● Task statement
Transcribe the data as written, minus images.

● The data
<<<<

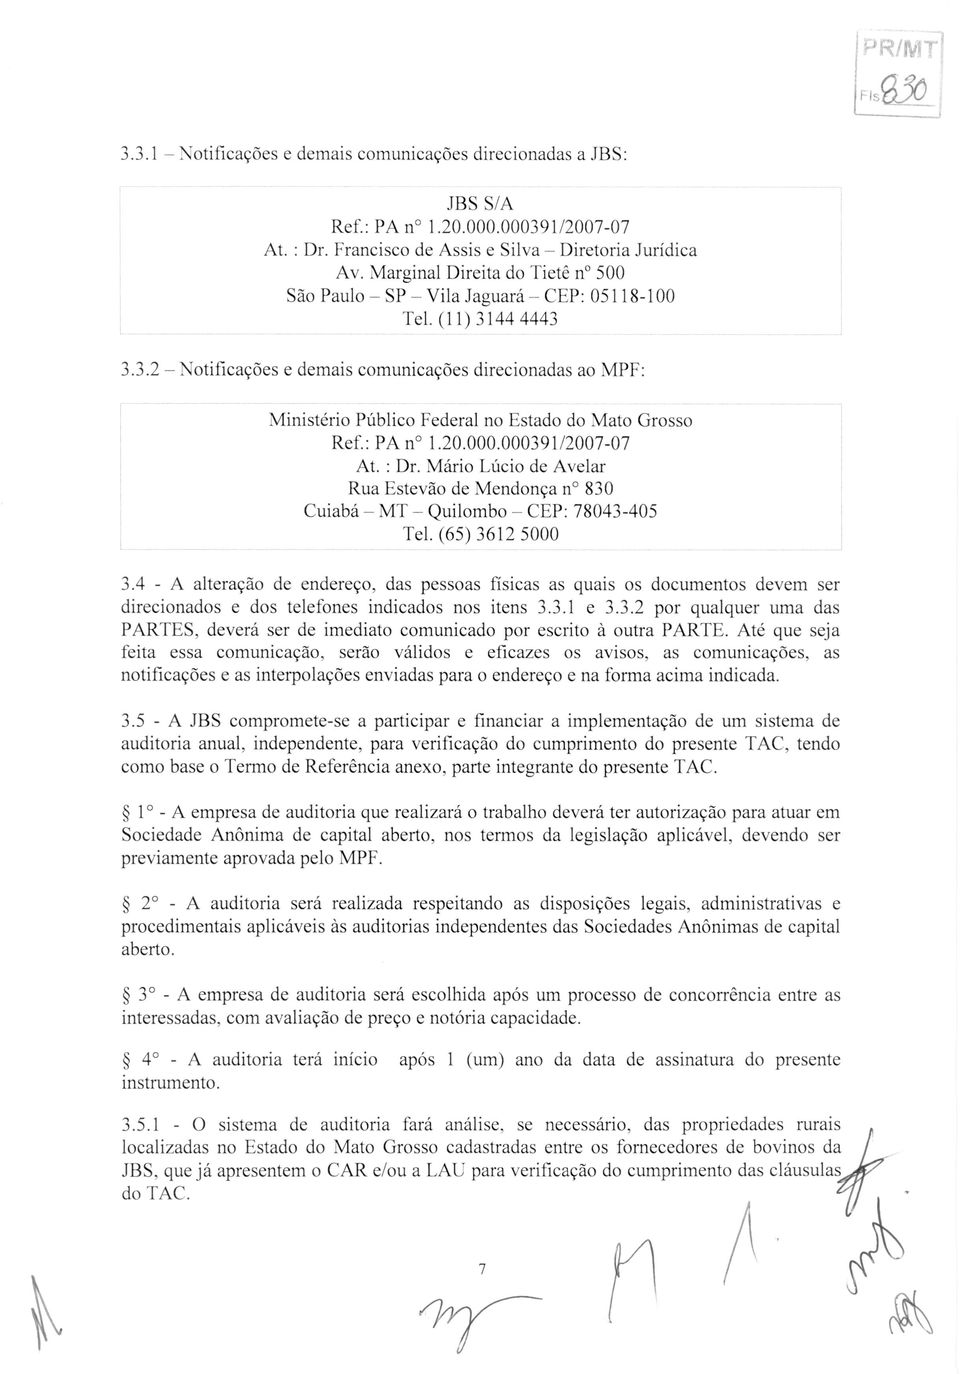 44 4443 3.3.2 NotificaeOes e demais comunicacoes direcionadas ao MPF: Ministerio PUblico Federal no Estado do Mato Grosso Ref.: PA n 1.20.000.000391/2007-07 At. : Dr.
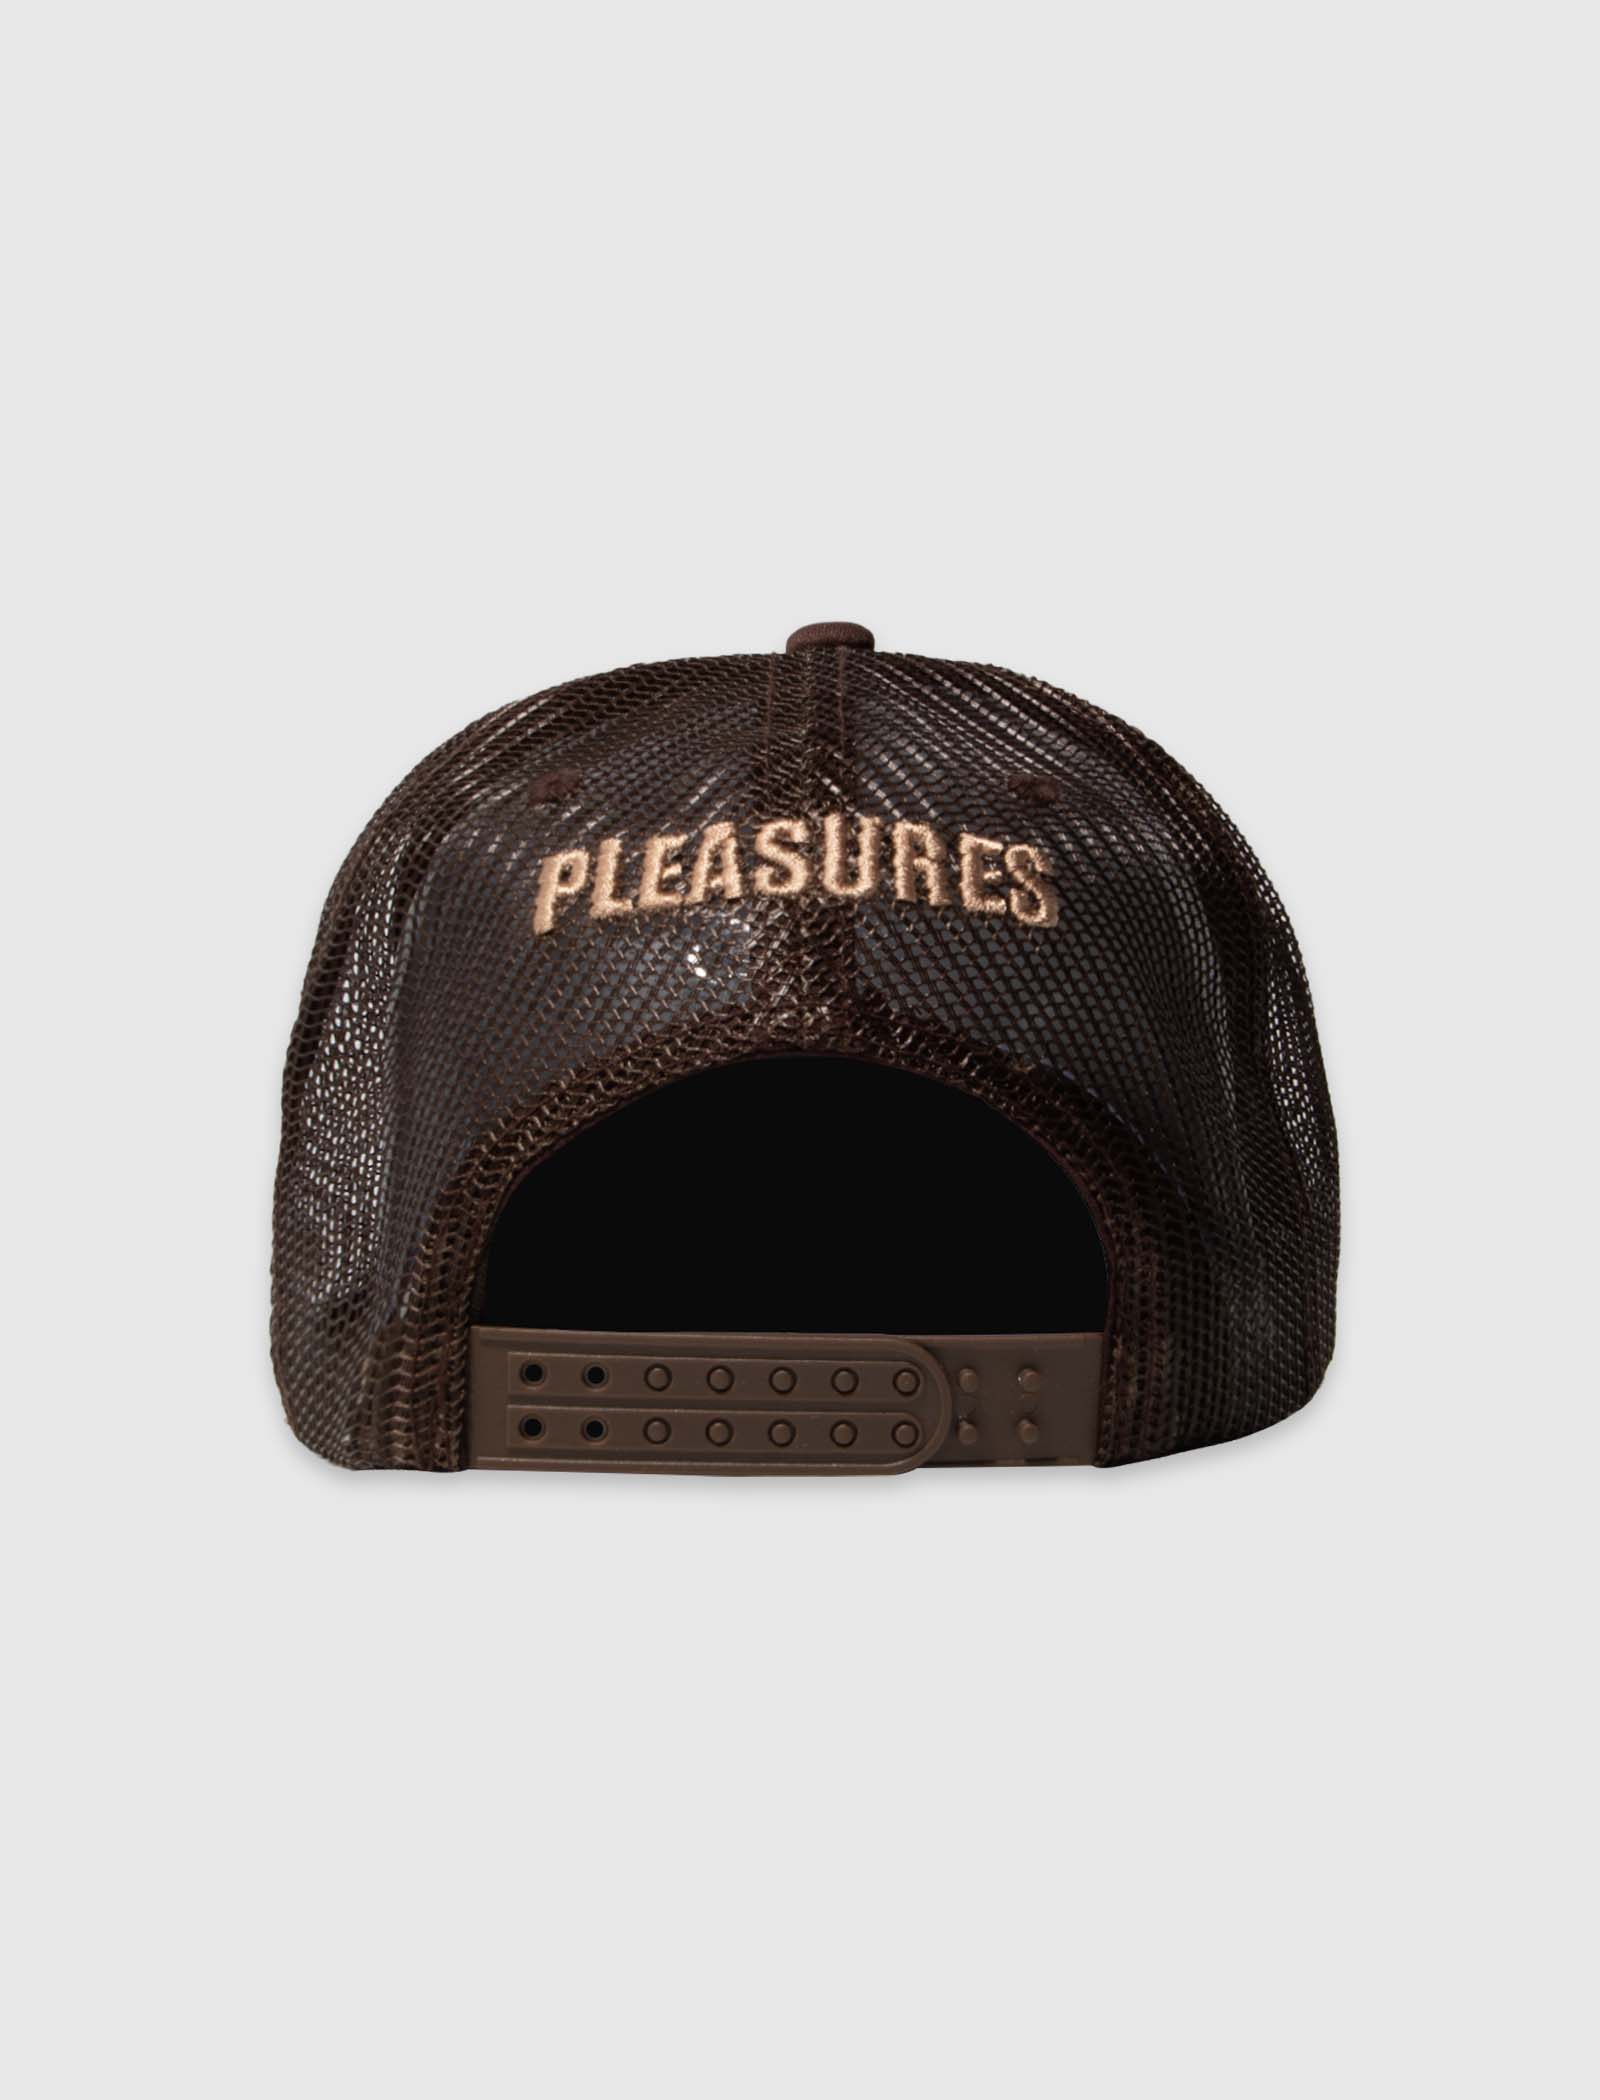 PLEASURES BUNNY TRUCKER HAT
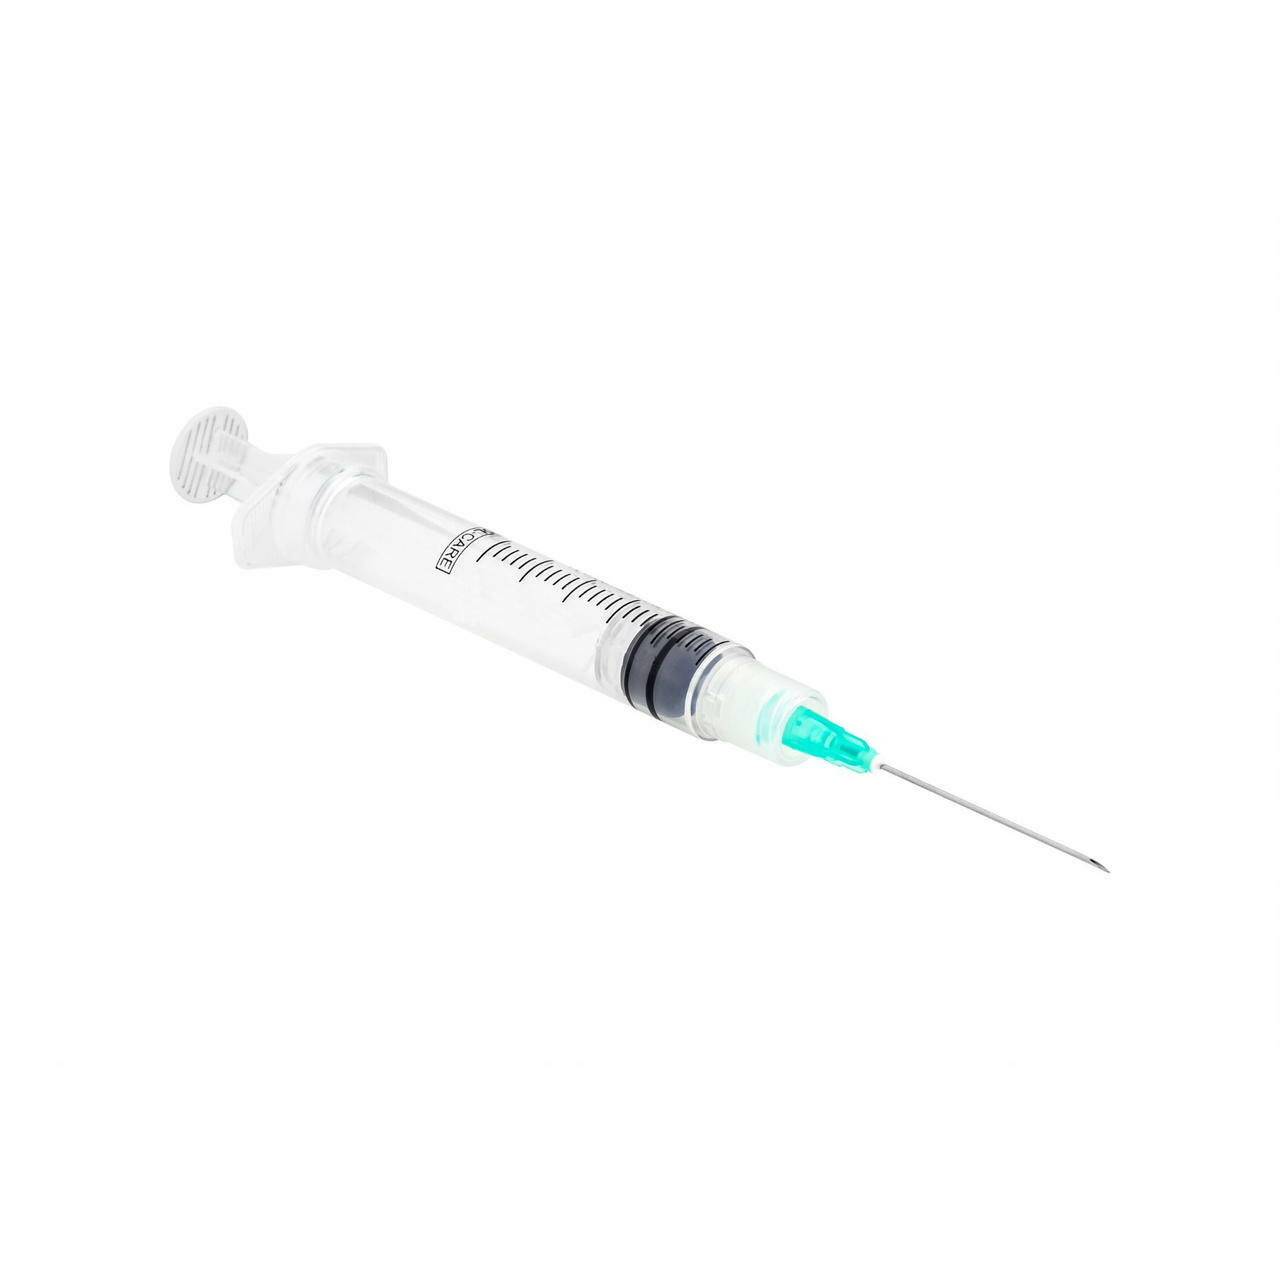 10ml 21g 1.5 inch Sol-Care Luer Lock Safety Syringe and Needle - UKMEDI
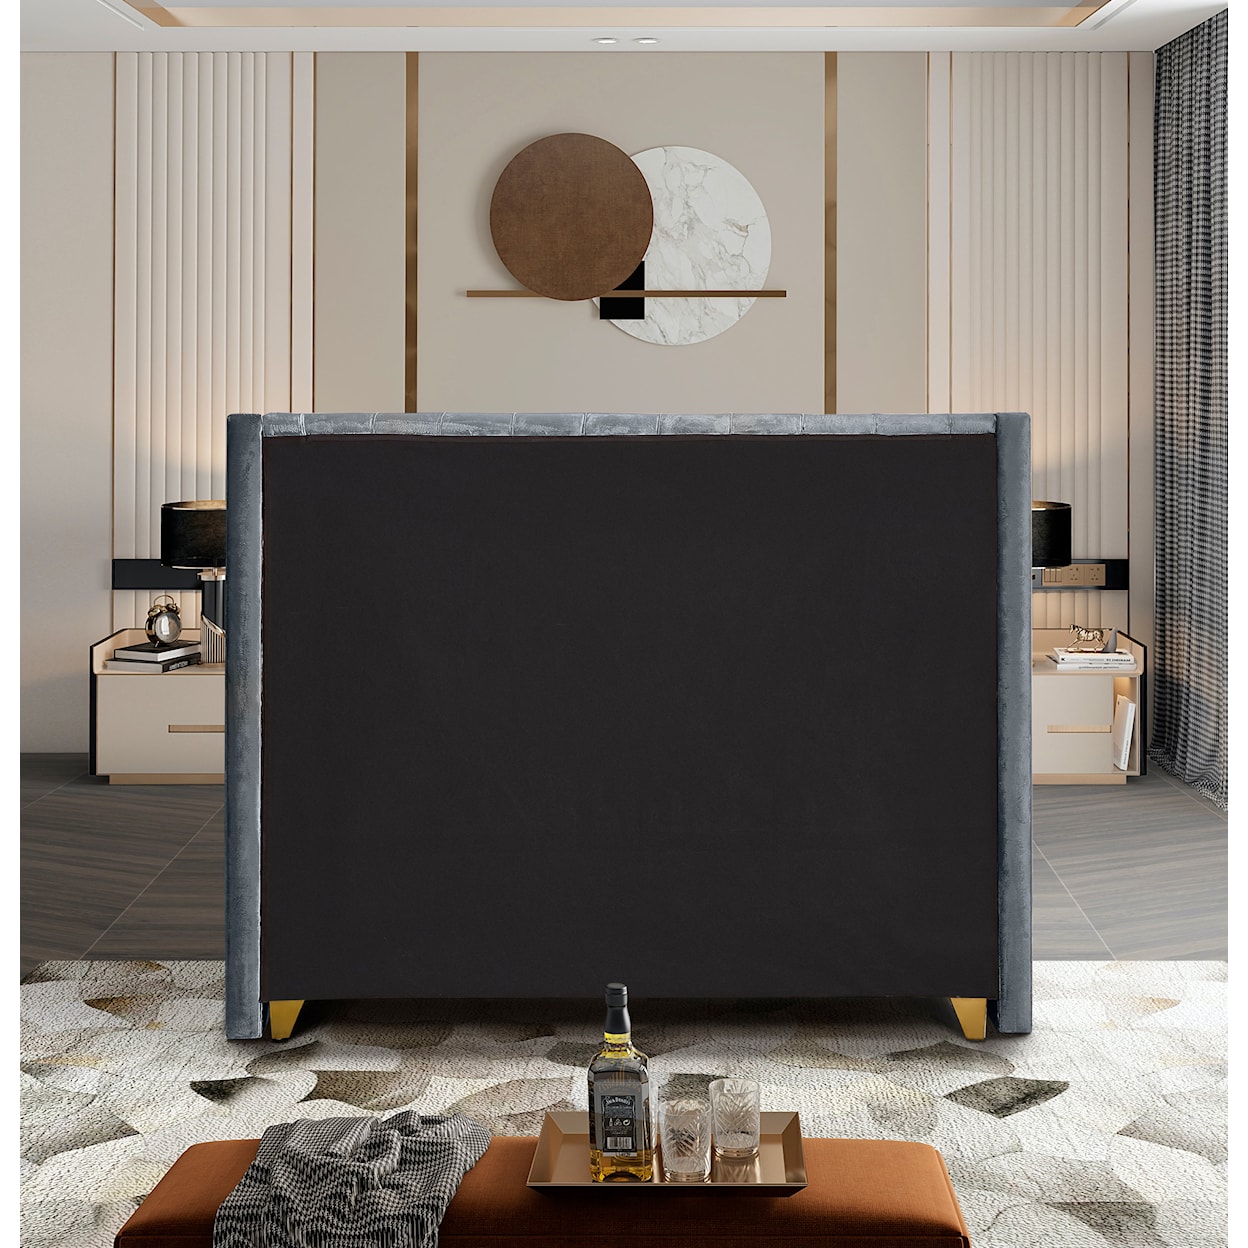 Meridian Furniture Barolo Upholstered Grey Velvet Full Bed

>>>>

● Answer box
 44 4443 3.3.2 NotificaeOes e demais comunicacoes direcionadas ao MPF: Ministerio PUblico Federal no Estado do Mato Grosso Ref.: PA n 1.20.000.000391/2007-07 At. : Dr.
 PLEASURES BUNNY TRUCKER HAT
 10ml 21g 1.5 inch Sol-Care Luer Lock Safety Syringe and Needle - UKMEDI
 Meridian Furniture Barolo Upholstered Grey Velvet Full Bed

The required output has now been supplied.